È ancora Sofia a scrivere, sfruttando la sua dimestichezza con le parole: «Nessuno ci chiede di dire il nostro pensiero sulla guerra in corso. Sui giornali ufficiali nessuna donna ha preso la parola, perché essa è appannaggio degli uomini. Ovvio, quella della donna non è degna di essere detta nel racconto eroico della propaganda ufficiale. Se parlassimo da donne madri diremmo parole intollerabili. Dovremmo dire di un mondo di soldati arruolati per un compito disumano. No, la guerra degli uomini non è la stessa della guerra delle donne. Il soldato uccide. Ma come possiamo noi uccidere se siamo nate per generare?».

La violenza

Sofia ricorda ancora sua madre, le memorie tramandate. Ricorda di quando le disse che «il corpo delle donne nella guerra è preda ambita dalla violenza fisica e simbolica degli uomini». Quando le parlò dell’«umiliazione subita per essersi dovuta esporre allo sguardo degli uomini con il sangue del ciclo mensile». Padre Fiorenzo: «Ho notizia di violenza dei soldati russi sulle donne ucraine.

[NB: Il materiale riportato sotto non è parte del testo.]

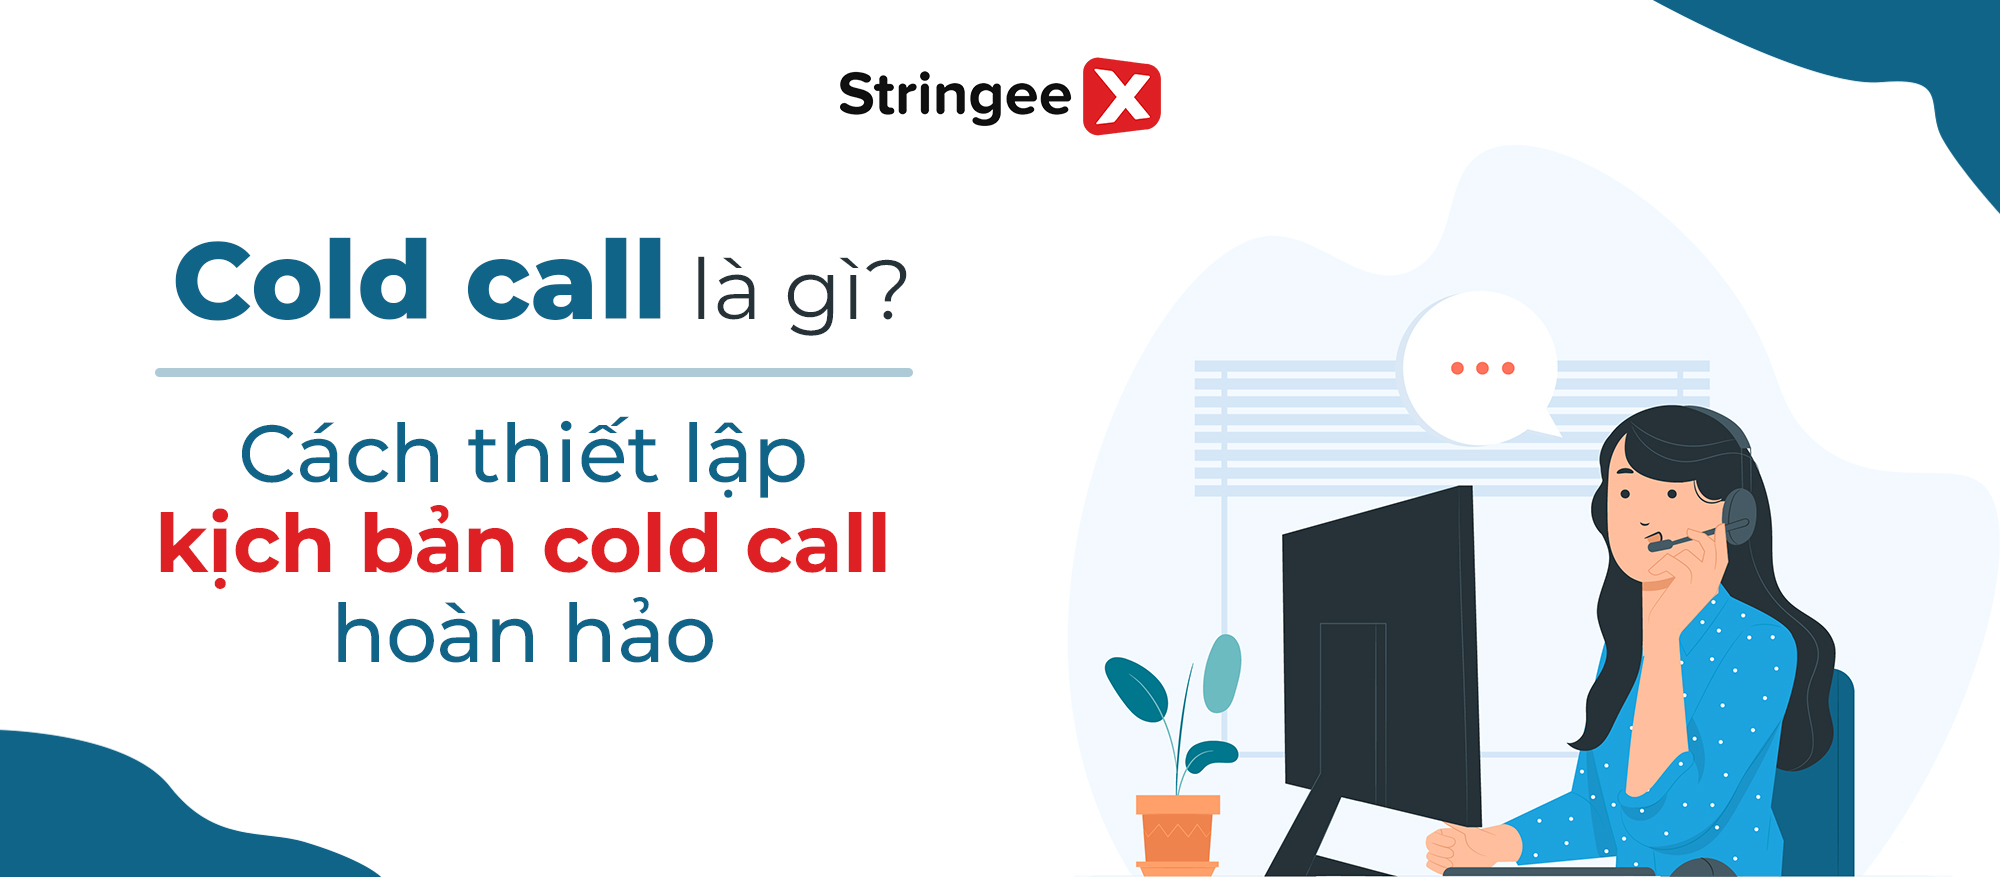 Cold call là gì? Cách thiết lập kịch bản cold call hoàn hảo

Non mi sorprende: il male è banale e si ripete. L’amore e la tenerezza sono per la donna, e non solo, sempre creativi».

Infine Irina, 52 anni, madre di un ventenne in guerra in Ucraina: «Se scrivessimo queste cose su un giornale ufficiale, ci accuserebbero di nutrire un culto piccolo borghese per l’intimità, tanto più inutile per la storia perché filtrato da una angusta sensibilità femminile. Ora so che il morire non è la stessa cosa dell’essere uccisi. Vorrei sapere dov’è il confine tra l’umano e il disumano. Forse il generale lo sa. Ma io, donna e madre, lo so molto meglio di lui».